▶ **ACTIVITY**: An exact restatement of all the data is required, with the pictures left out.

▶ **EXERCISE DATA**:
━━━━━━━━━━

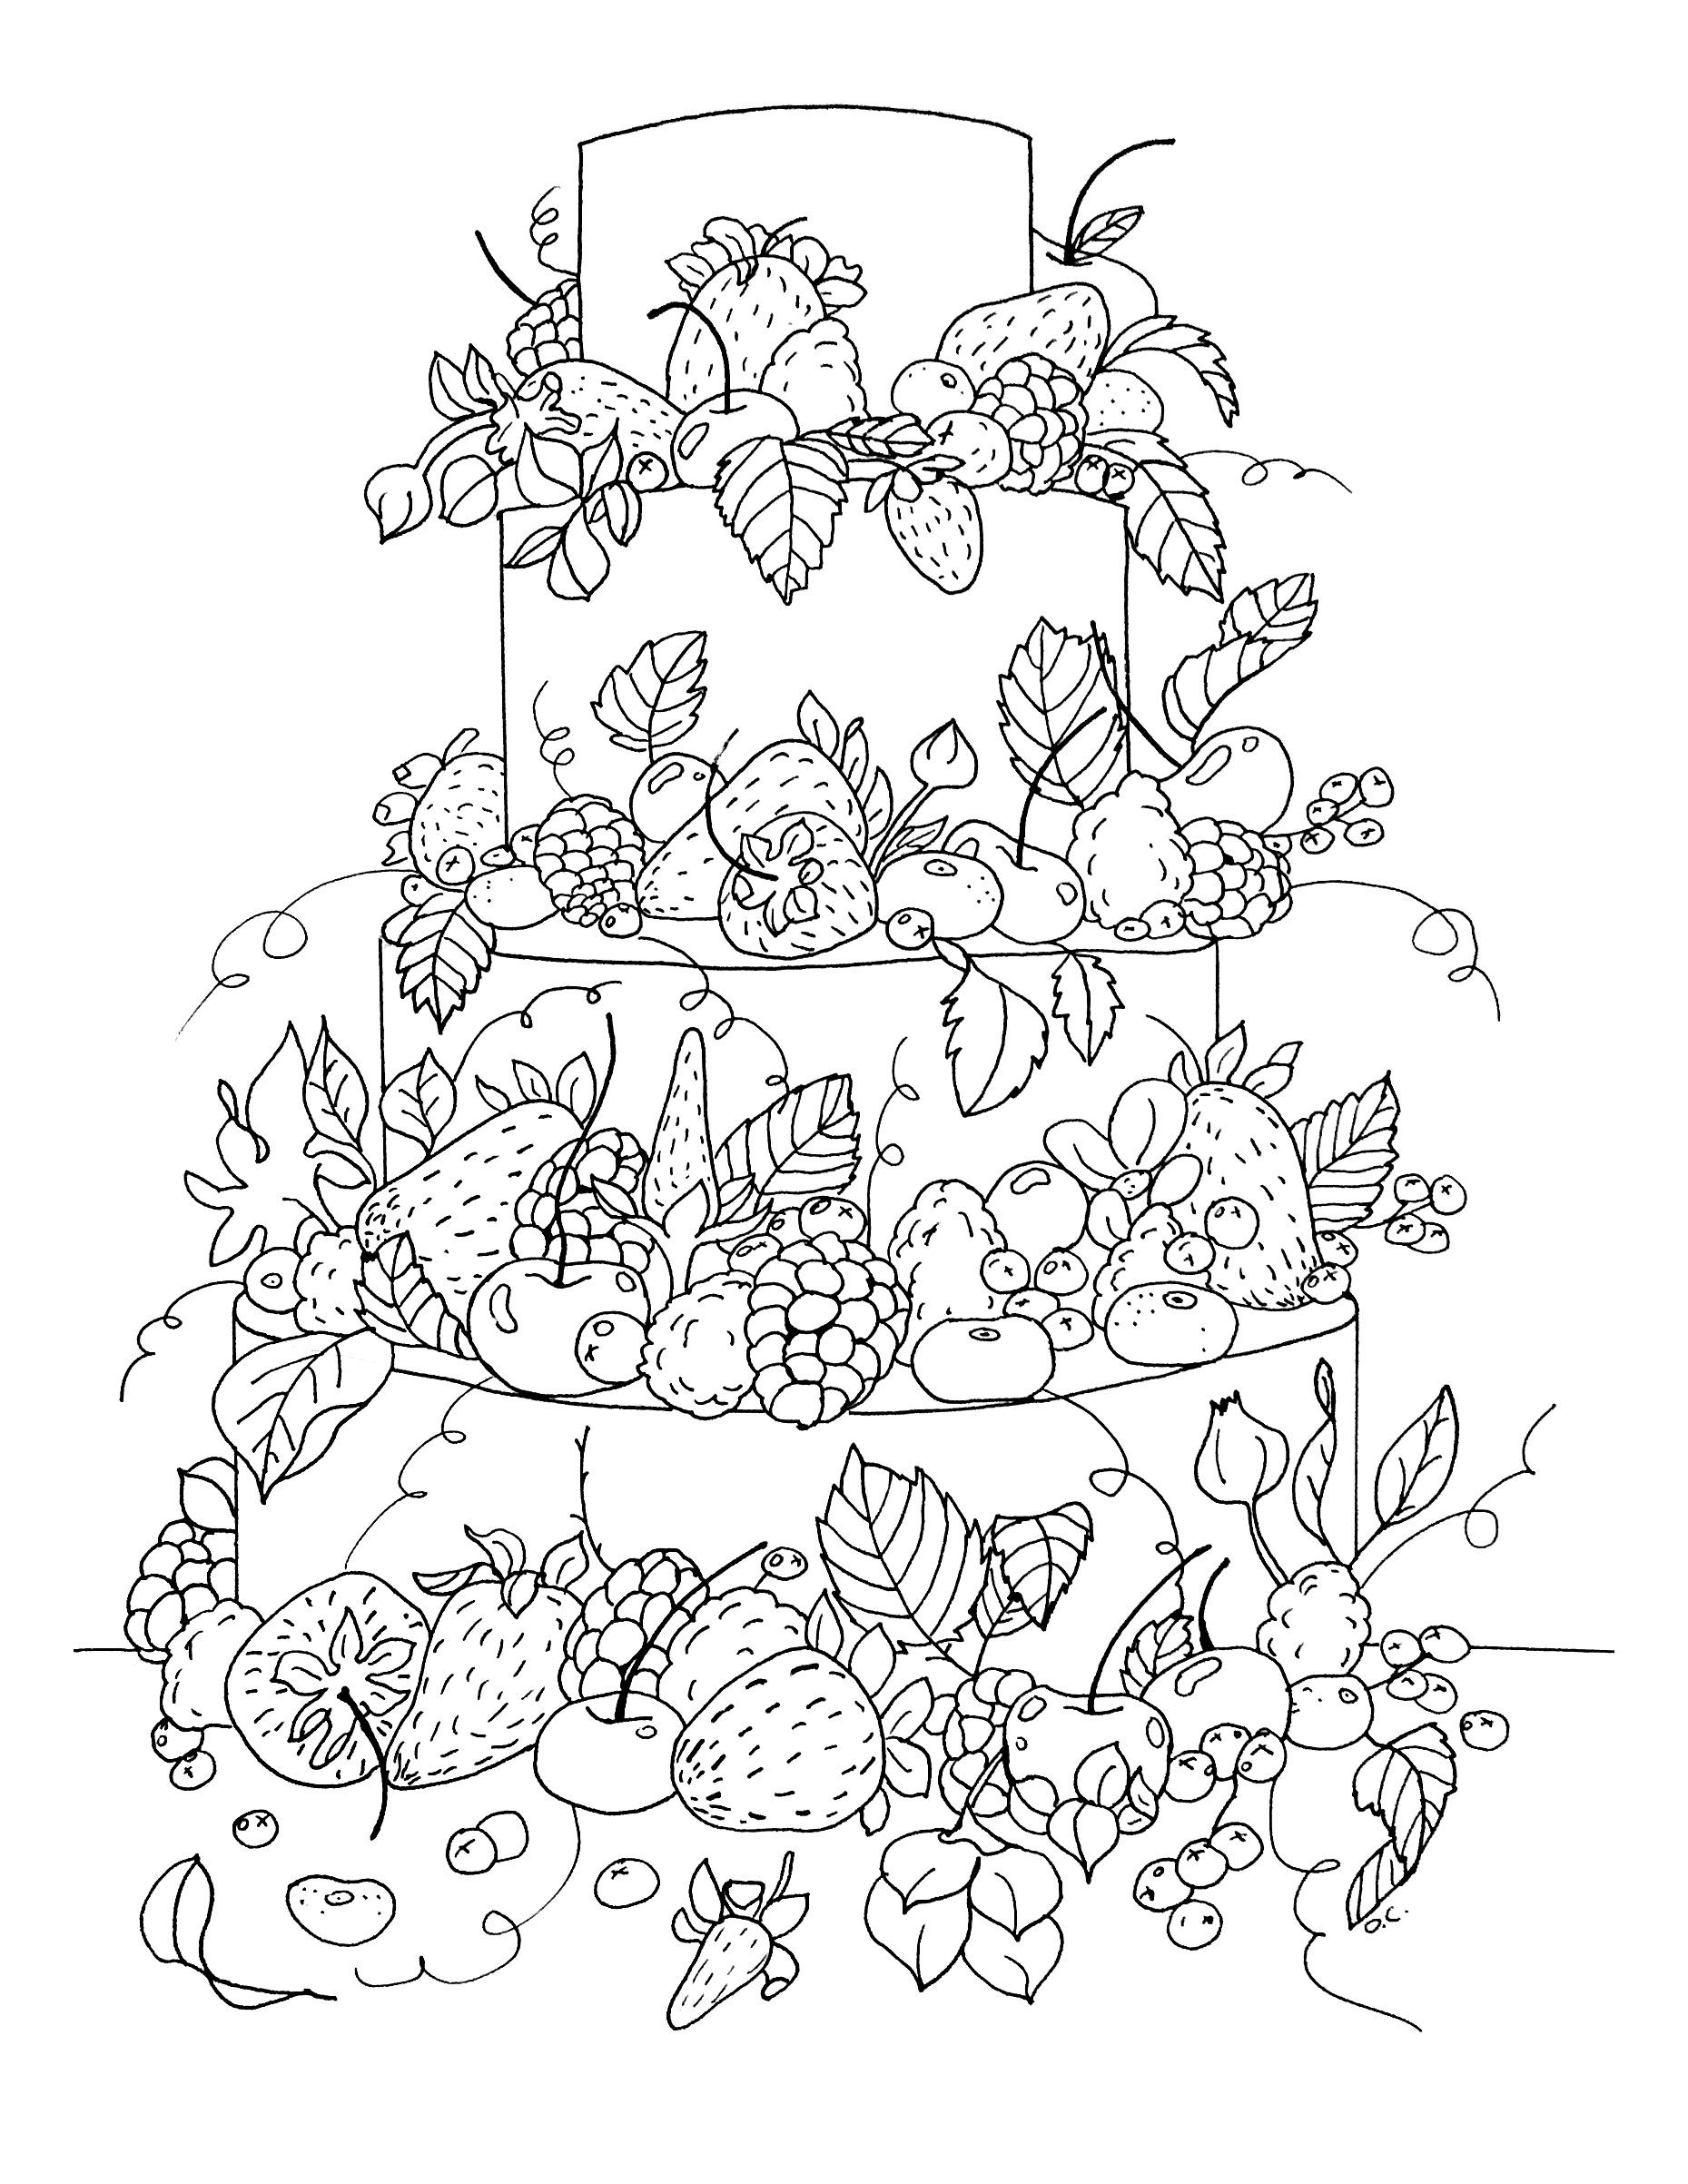 Colorear para adultos  : Cupcakes - 17
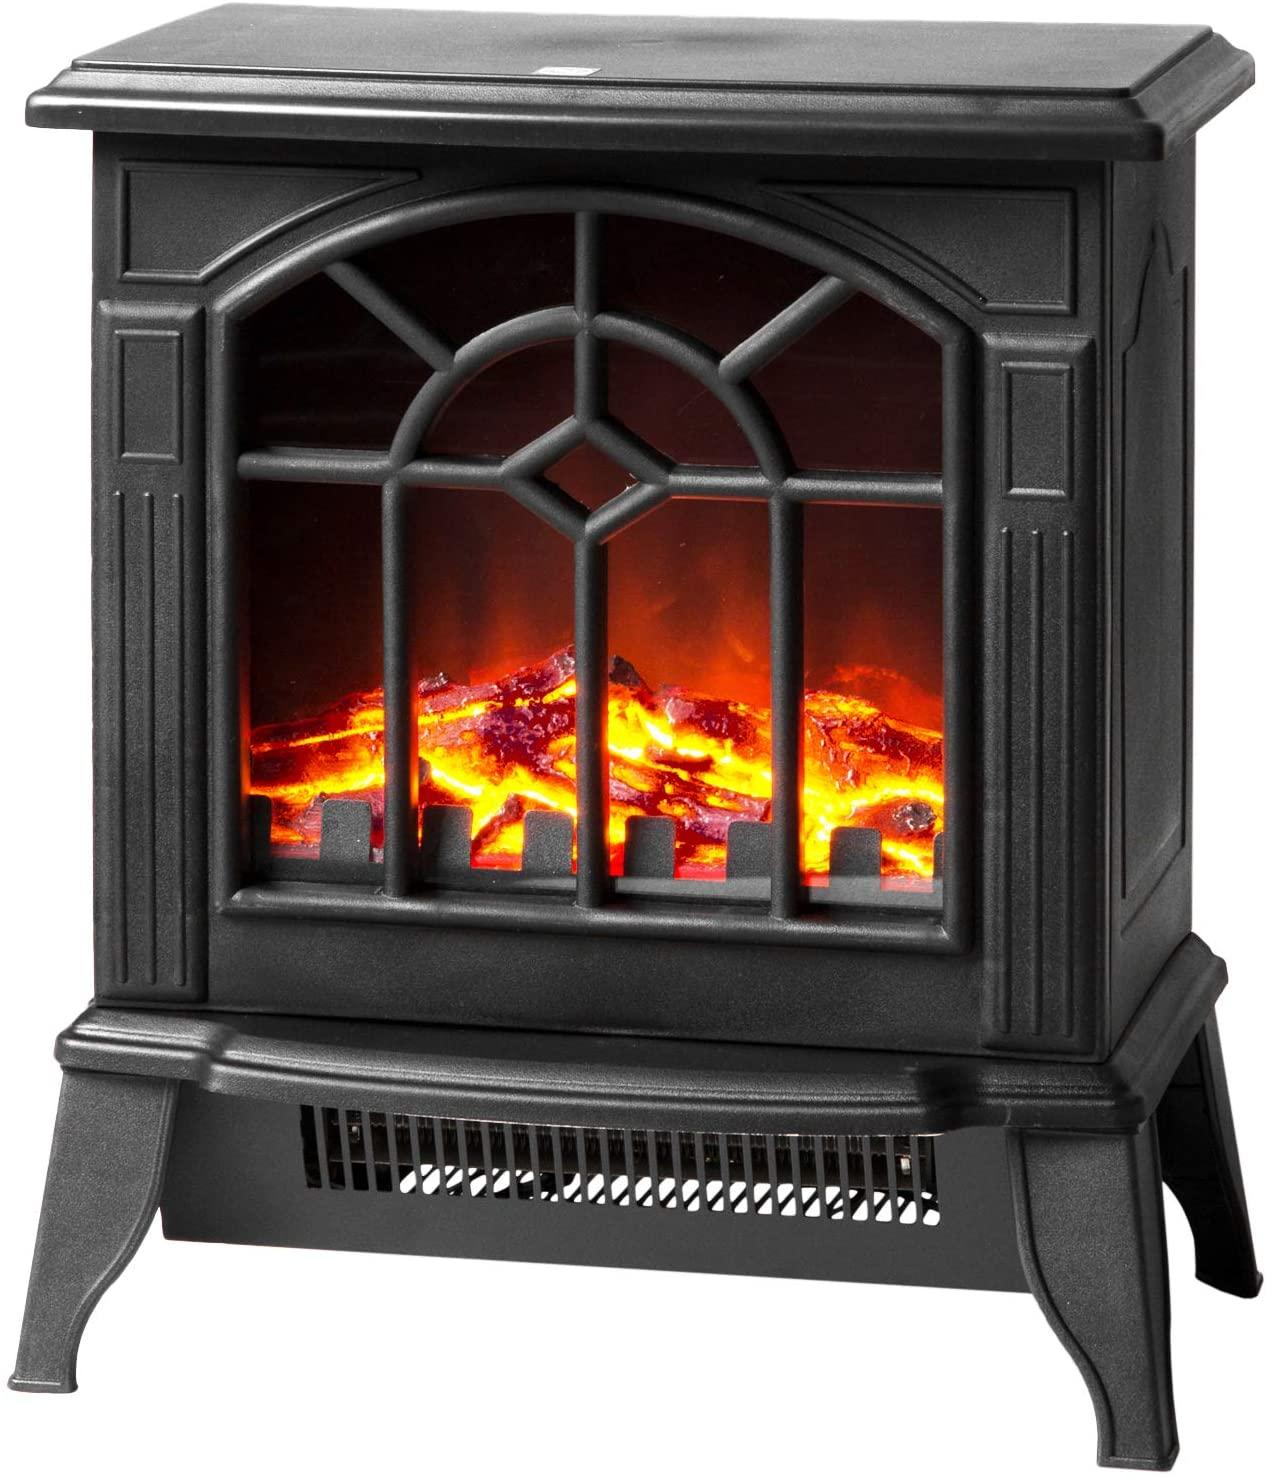 暖炉型ヒーターのおすすめ9選!加湿機能付きも【2021年版】
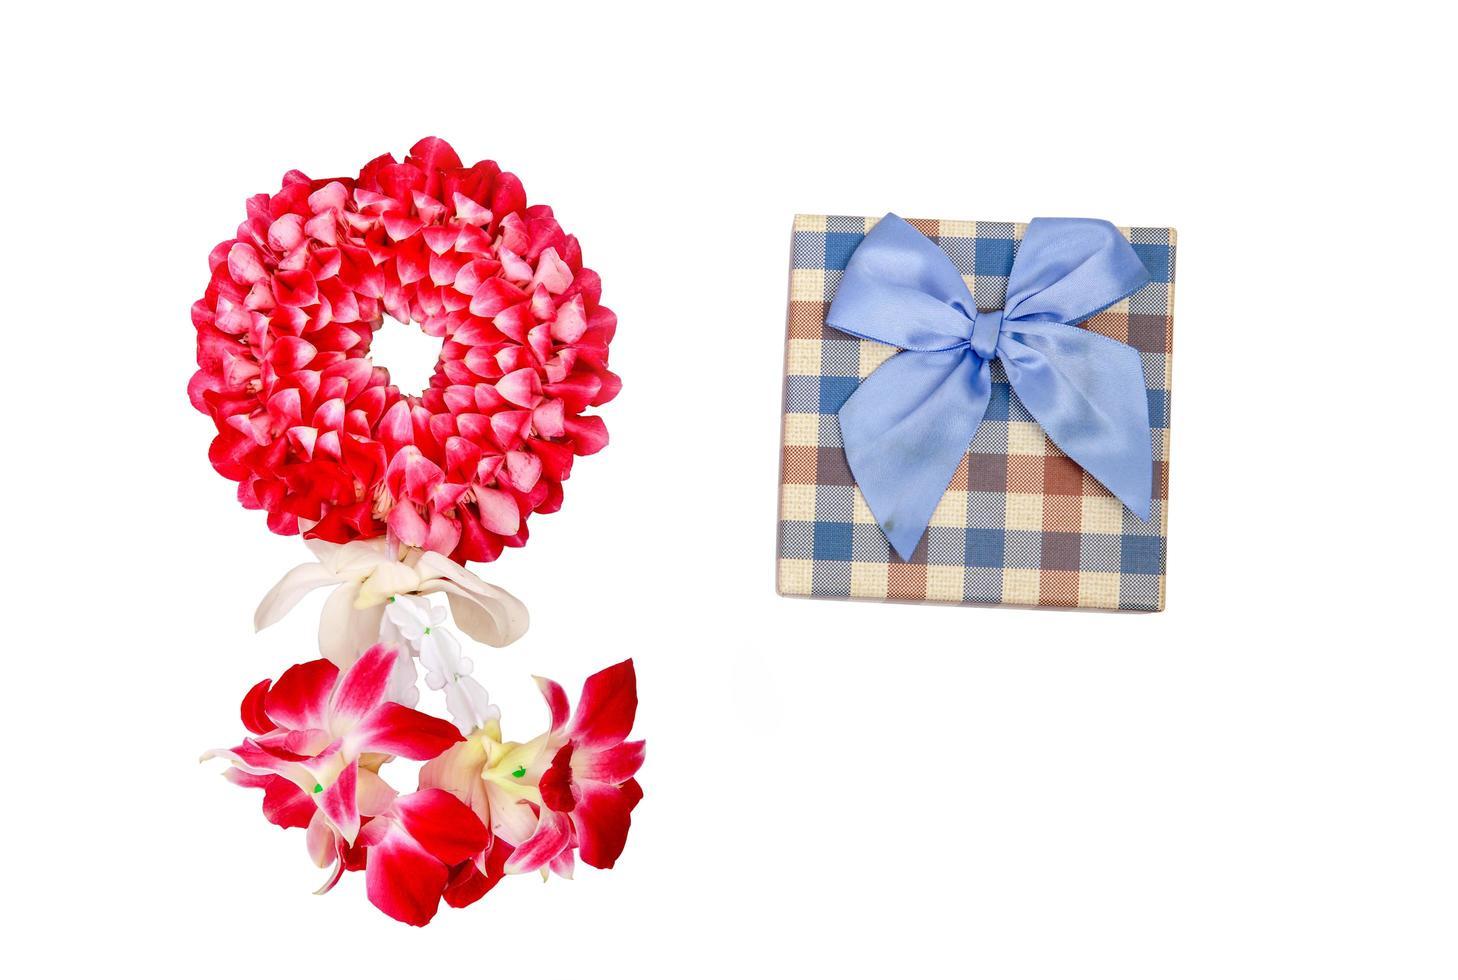 Coffret cadeau guirlande d'orchidées sur fond blanc photo

━━━━━━━━━━

▶ **EXERCISE RESPONSE**:
 Colorear para adultos  : Cupcakes - 17
 暖炉型ヒーターのおすすめ9選!加湿機能付きも【2021年版】
 Coffret cadeau guirlande d'orchidées sur fond blanc photo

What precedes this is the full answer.